Buitenlandse militairen in actie in Azië
Duizenden buitenlandse militairen gaan de internationale hulpverlening aan slachtoffers van de zeebeving in Zuid-Azië versterken. Hulpverleners kampen vooral met logistieke problemen in het gebied waar op tweede kerstdag enorme vloedgolven ten minste 145.000 mensen de dood insleurden. Geld voor noodhulp blijft onophoudelijk binnenstromen.
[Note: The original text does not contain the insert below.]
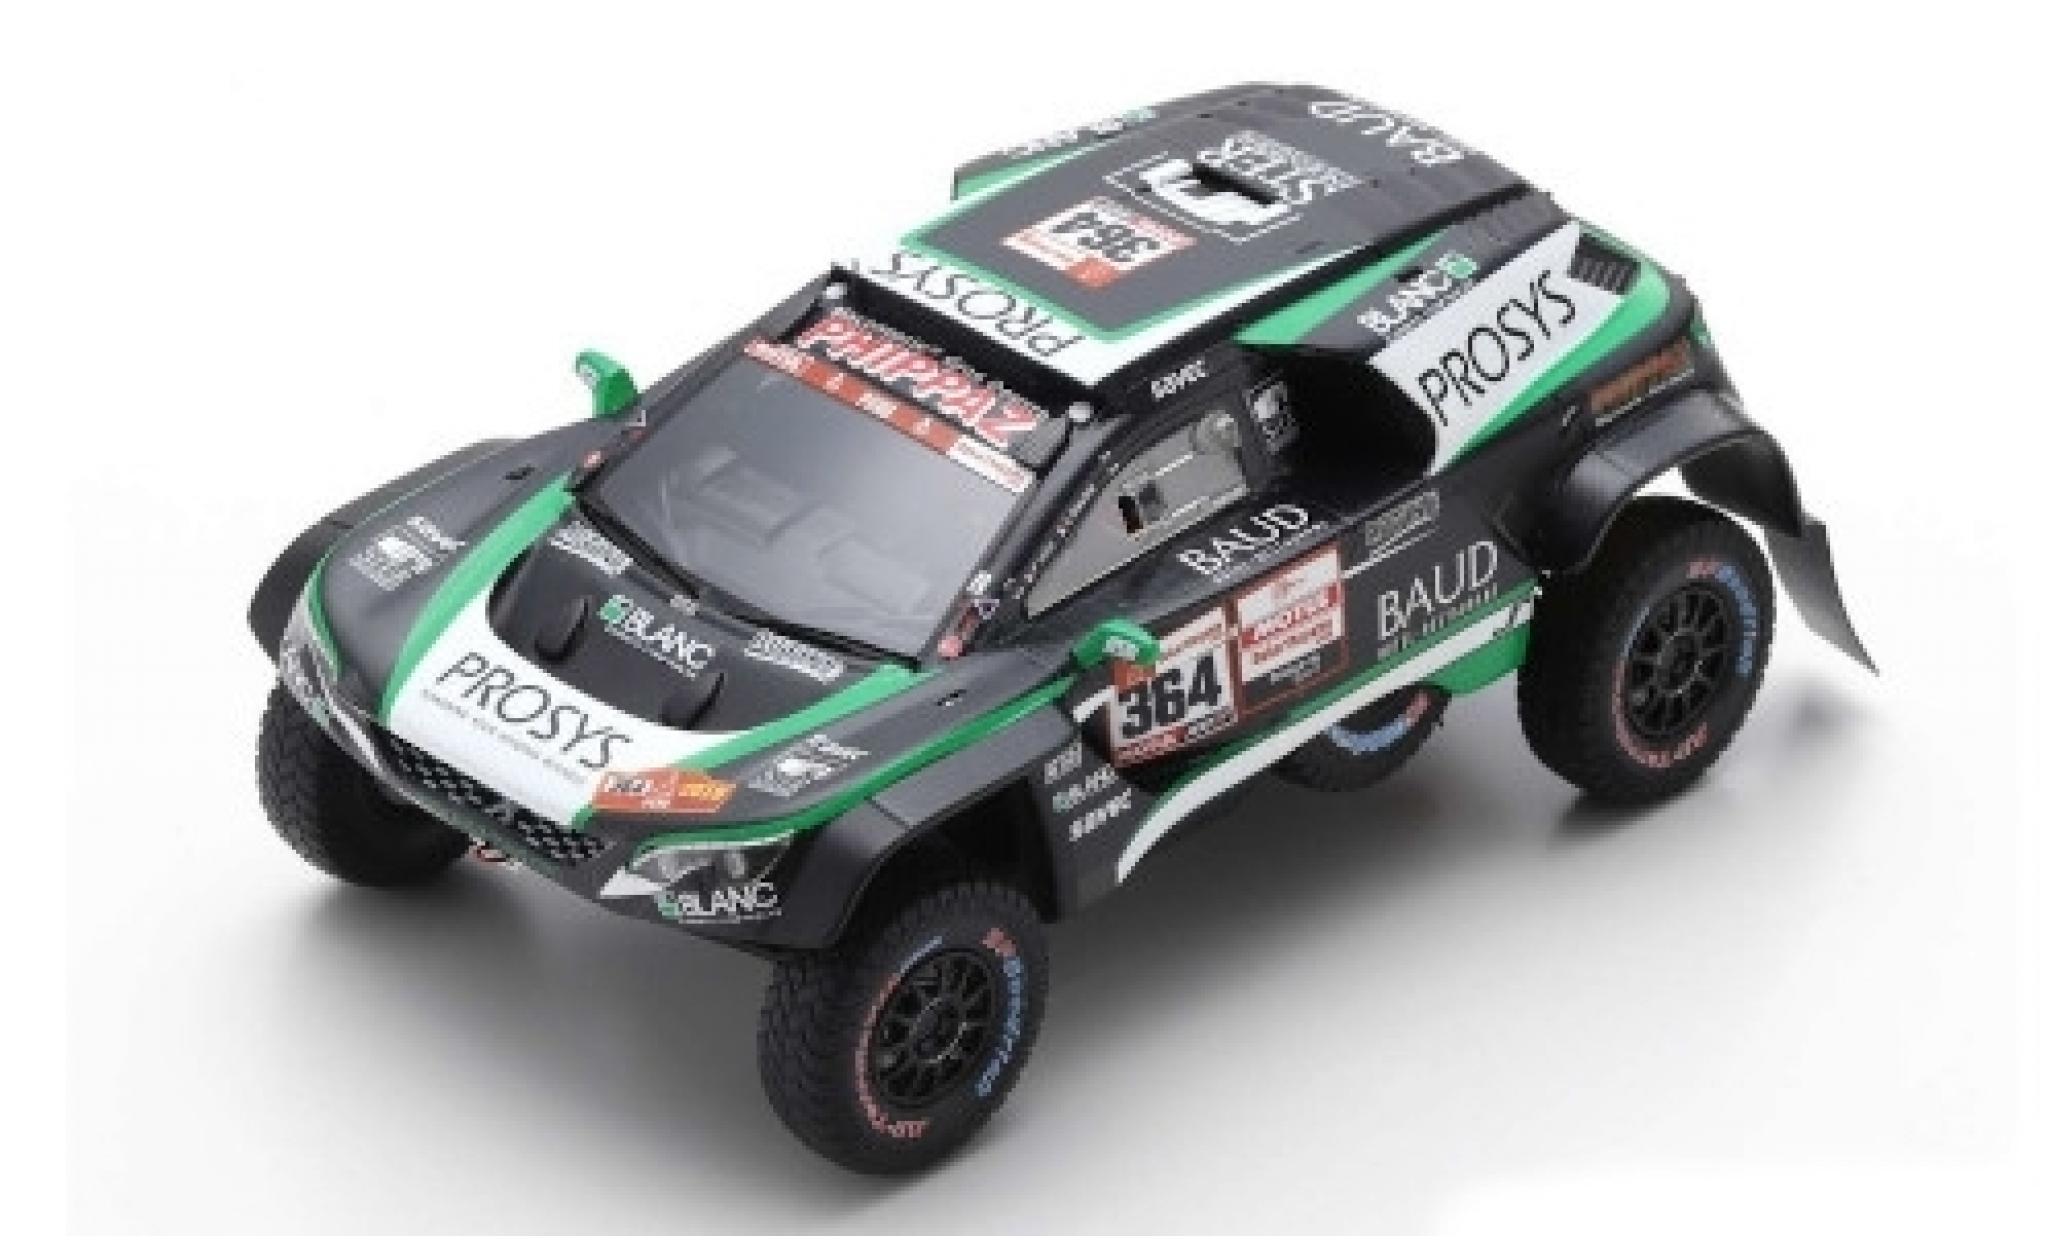 Peugeot 3008 1/43 Spark DKR Maxi No.364 Easy Rally Rallye Dakar 2019 P.Lafay/S.Delaunay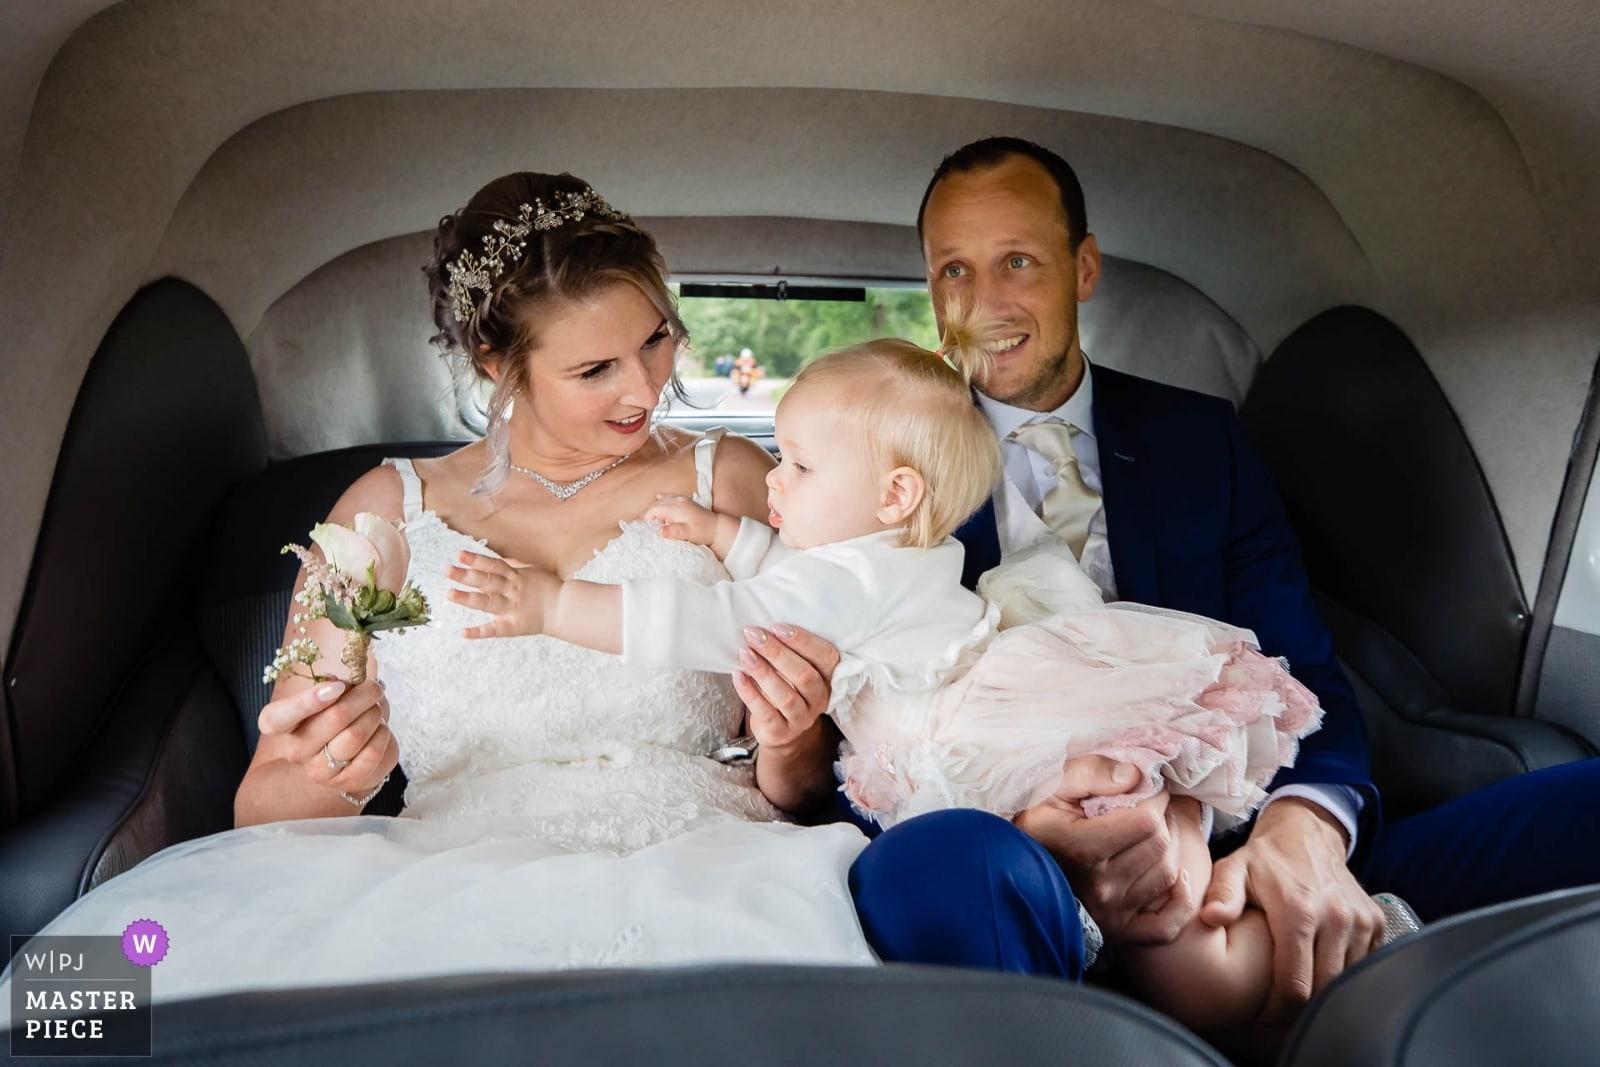 2019v11 wedding-photographer-2545795

Volgens de jongste schattingen kwamen alleen al in de Indonesische provincie Atjeh 95.000 mensen om het leven. Bijna 500.000 mensen op Sumatra, het eiland waarop Atjeh ligt, zijn dakloos geworden. Hulporganisaties denken dat het werkelijke aantal vluchtelingen veel hoger ligt. De hulporganisaties hebben tien dagen na de ramp nog steeds geen duidelijk beeld van de omvang van de situatie in Atjeh, dat het zwaarst is getroffen. VN-woordvoerder Jan Egeland sloot gisteren niet uit dat het uiteindelijke aantal slachtoffers van de ramp de 200.000 zal overstijgen. Daarmee zou de ramp de grootste aller tijden worden.
In de Indonesische provincie Atjeh, waar de meeste slachtoffers te betreuren zijn en de hulpverlening het moeizaamst verloopt, zijn sinds vorige week Amerikaanse en Duitse militairen aan het werk. De eerste groep van in totaal 1200 Amerikaanse mariniers is gisteren ook aan de slag gegaan in Sri Lanka. De Verenigde Staten verdubbelen waarschijnlijk het aantal helikopters dat wordt ingezet bij de hulpverlening aan de tsunami-slachtoffers in Azië, zo heeft de commandant van de Amerikaanse strijdkrachten in de Stille Oceaan, admiraal Thomas Fargo, gisteren gezegd. Er zijn nu 45 Amerikaanse helikopters in het gebied actief.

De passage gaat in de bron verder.